I’m fascinated by industrial settings, whether it’s a power plant, hospital, indoor department store or office. The overhead lighting in some of these areas gives off a very strange and sterile aesthetic. Plus these settings usually hold a variety of metallic, matte, and luminous textures (e.g. computer monitors, cables/cords, polished tile floors and so on), which I find beautiful. I’m also drawn to intense natural settings, such as a forest, cave, beach and so on. My early photographs were an anthropomorphic take on trees and bushes, which was naturally followed by photographs of industrial objects such as cars, tarps and trucks. I’ve been saturated with industrial objects here in Brooklyn, which is one reason I’m planning a move to upstate NY.
Describe your current practice as a photographer…
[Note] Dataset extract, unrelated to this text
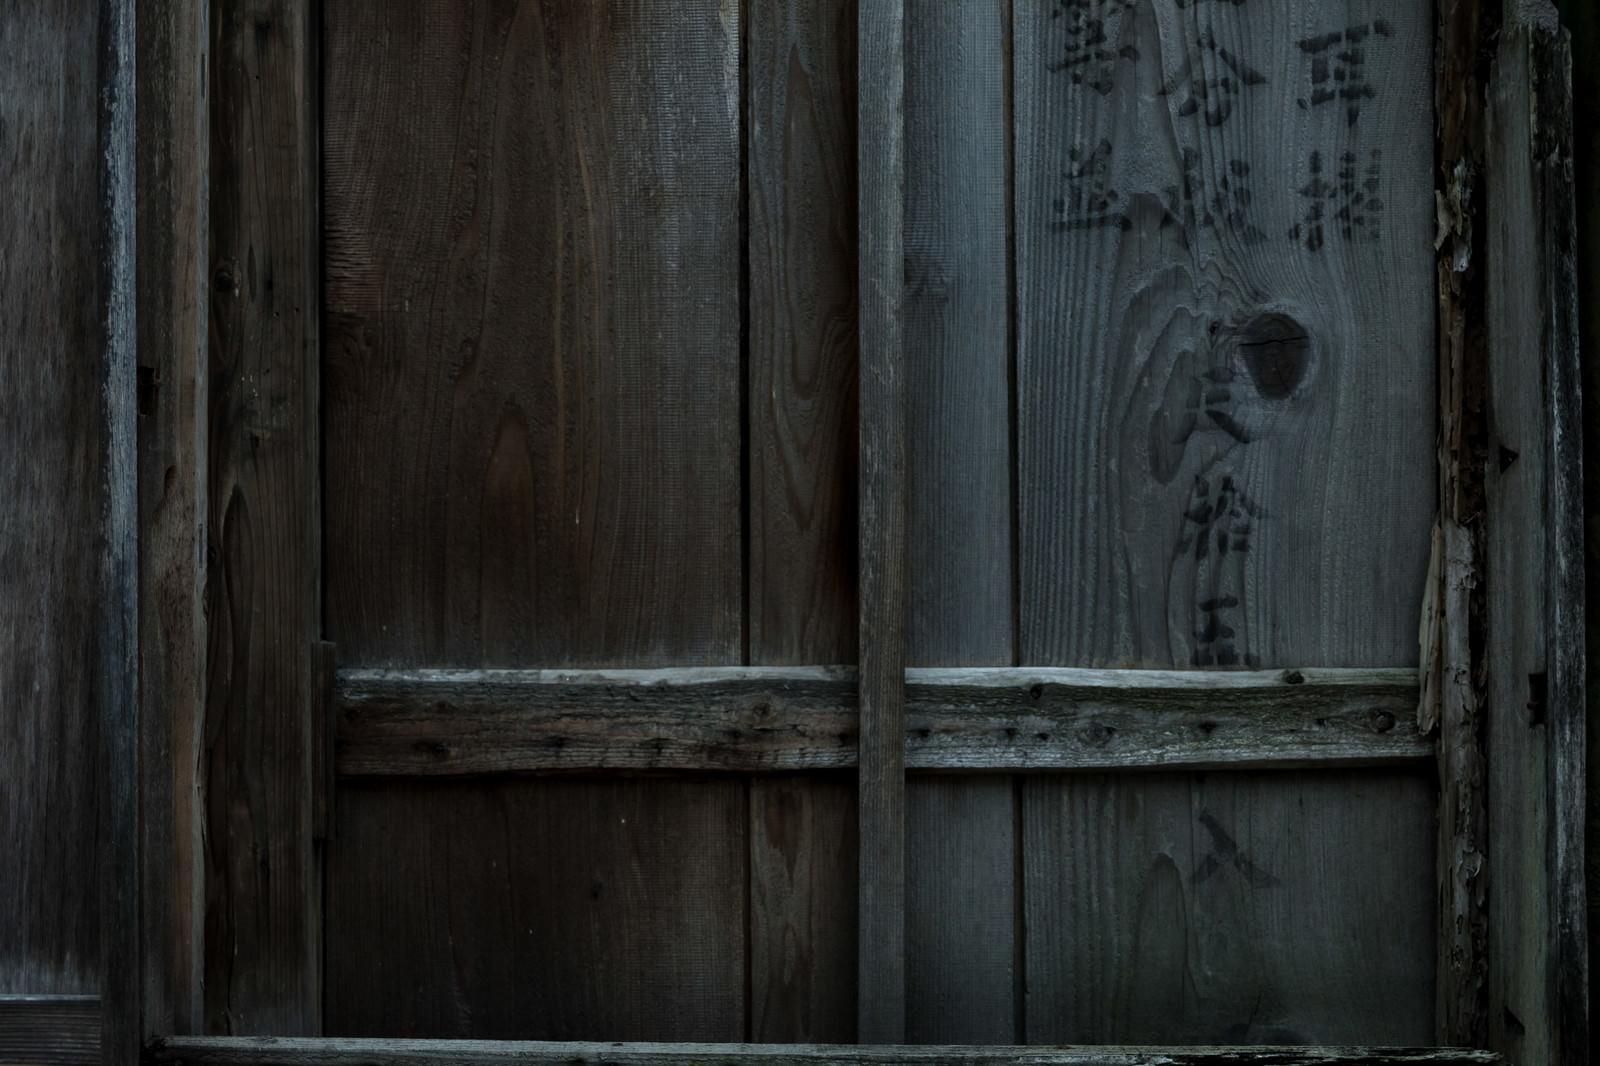 「閉まった木の窓」の写真
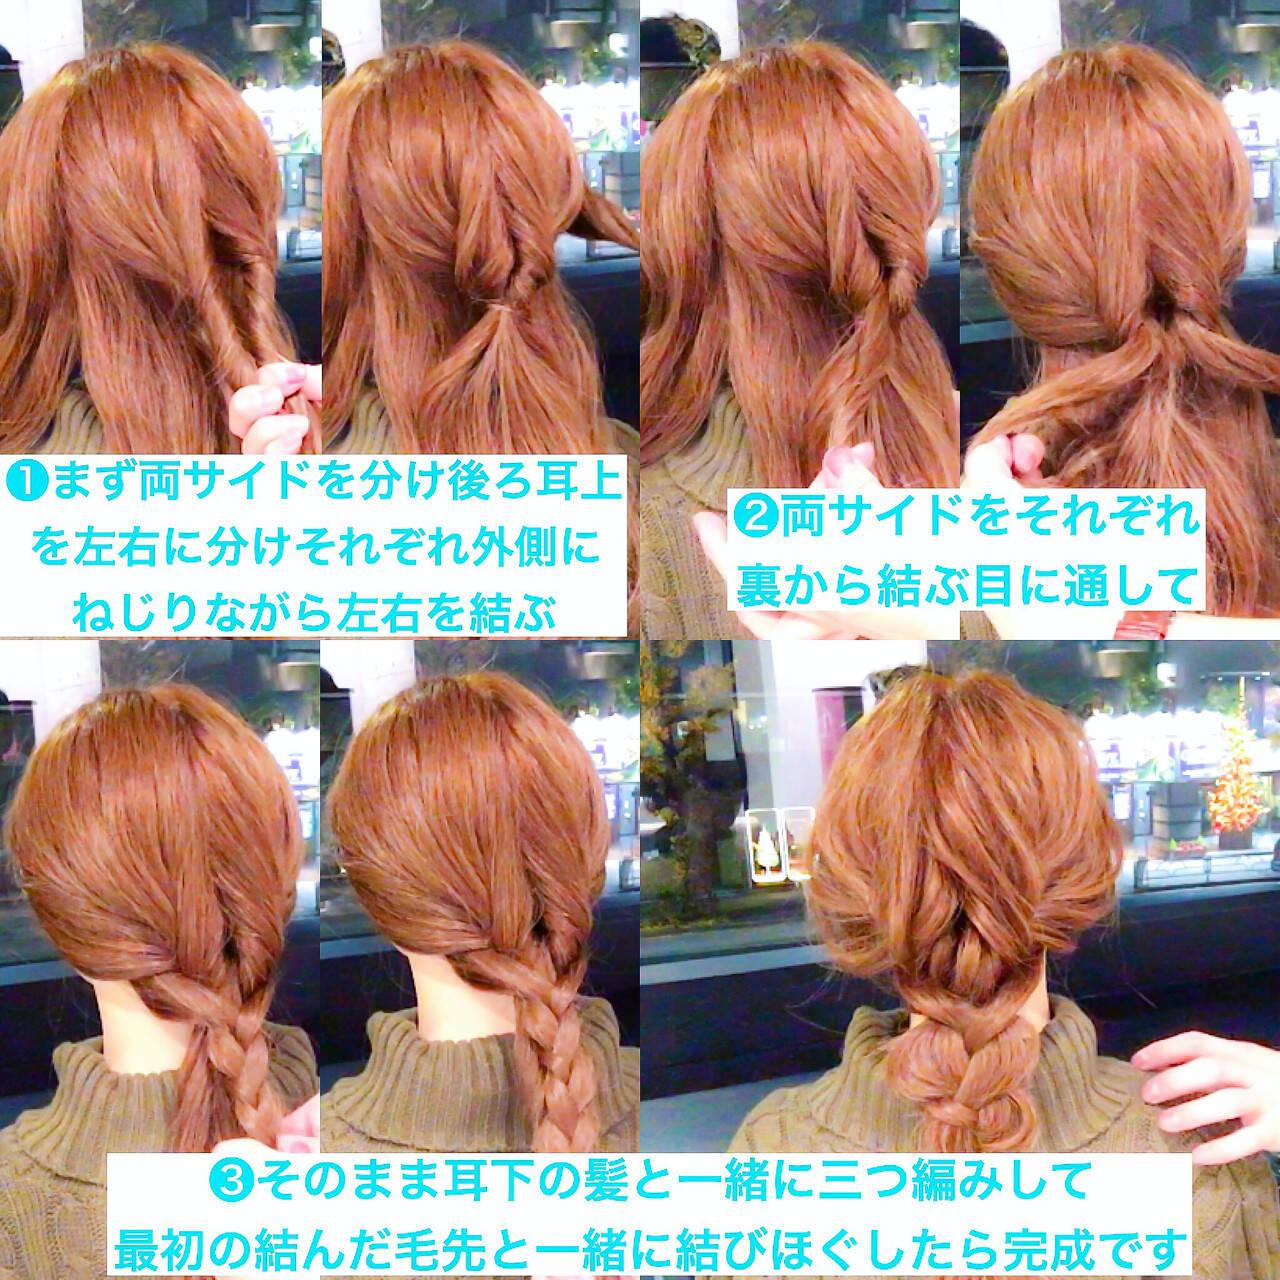 ロング デート フェミニン ヘアアレンジヘアスタイルや髪型の写真・画像

what do you look for in your images?
I’m drawn to imagery that not only holds a strange aesthetic, but also invokes an interesting thought. I aspire for my work to possess those qualities, whether they are photographs, collages or curatorial work. To me, art is ultimately a form of communication, and I’m generally interested in an exchange that is insightful and will hopefully blow me away. As an artist, it’s important for my work to linger and resonate in our minds, even if just for a few seconds.
So what about recent collages and your curatorial work?
Have you been busy creating more collages?
For the moment, I’m not working on any new collages. I still collect found imagery for their aesthetic qualities, which I may or may not use for collage work.
You’ve also stated that you’ve been heavily inspired by written words and authors – how so? How does reading Schopenhauer or Thacker translate to creating a new set of images?
I’m fascinated by concepts of the unknown, whether they are fictitious, religious or scientific. Some of the writings of Thacker and Schopenhauer tread this topic (the unknown) as a naturally desirable, yet unattainable goal. For instance, in Thacker’s In the Dust of this Planet, he elaborates our use of the horror genre (in films or books) as a tendency to rationally grasp the unknown. Visually, this takes the form of irregular and dynamic states of matter such as mist or “ooze”, which are of course discussed. Further, transcendent boundaries such as the “inner circle” are also explored. I find these insights absolutely beautiful, and I visually explore it in some of my work.
To which degree are horror flicks an influence as well?
Got an example?
I’m a horror flick buff no doubt, however the film directors who have inspired me have a more surrealist approach. David Lynch, Stanley Kubrick and Ingmar Bergman are a few examples. I aesthetically find some of their films as a magically dark and luminous world, which I visually resonate with. I’d hope to produce some of those qualities in my work.
Ever thought of becoming a professional crime scene photographer?
Definitely, albeit briefly. I’ve also dwelled on becoming a neurologist, photojournalist, and even a qualitative researcher on mystical cognitive states. I guess there’s still that element in me that aspires what I’ll be when I grow up. It’s in my bones to not only creatively express myself, but also learn and help my fellow humans in distress, which is why I currently work as a nurse and massage therapist.
What are your goals in photography then? Still not interested in gallery shows?
I was recently part of a group show in Rome where one of my collages sold out, which is nice to know I guess. There’s a couple of photographic projects I wish to pursue, which are definite goals. I’m also looking to eventually self-publish my own work and perhaps curate a separate publication of my own as well.
Nice. What else is on the horizon?
Love, family, good food, and growth.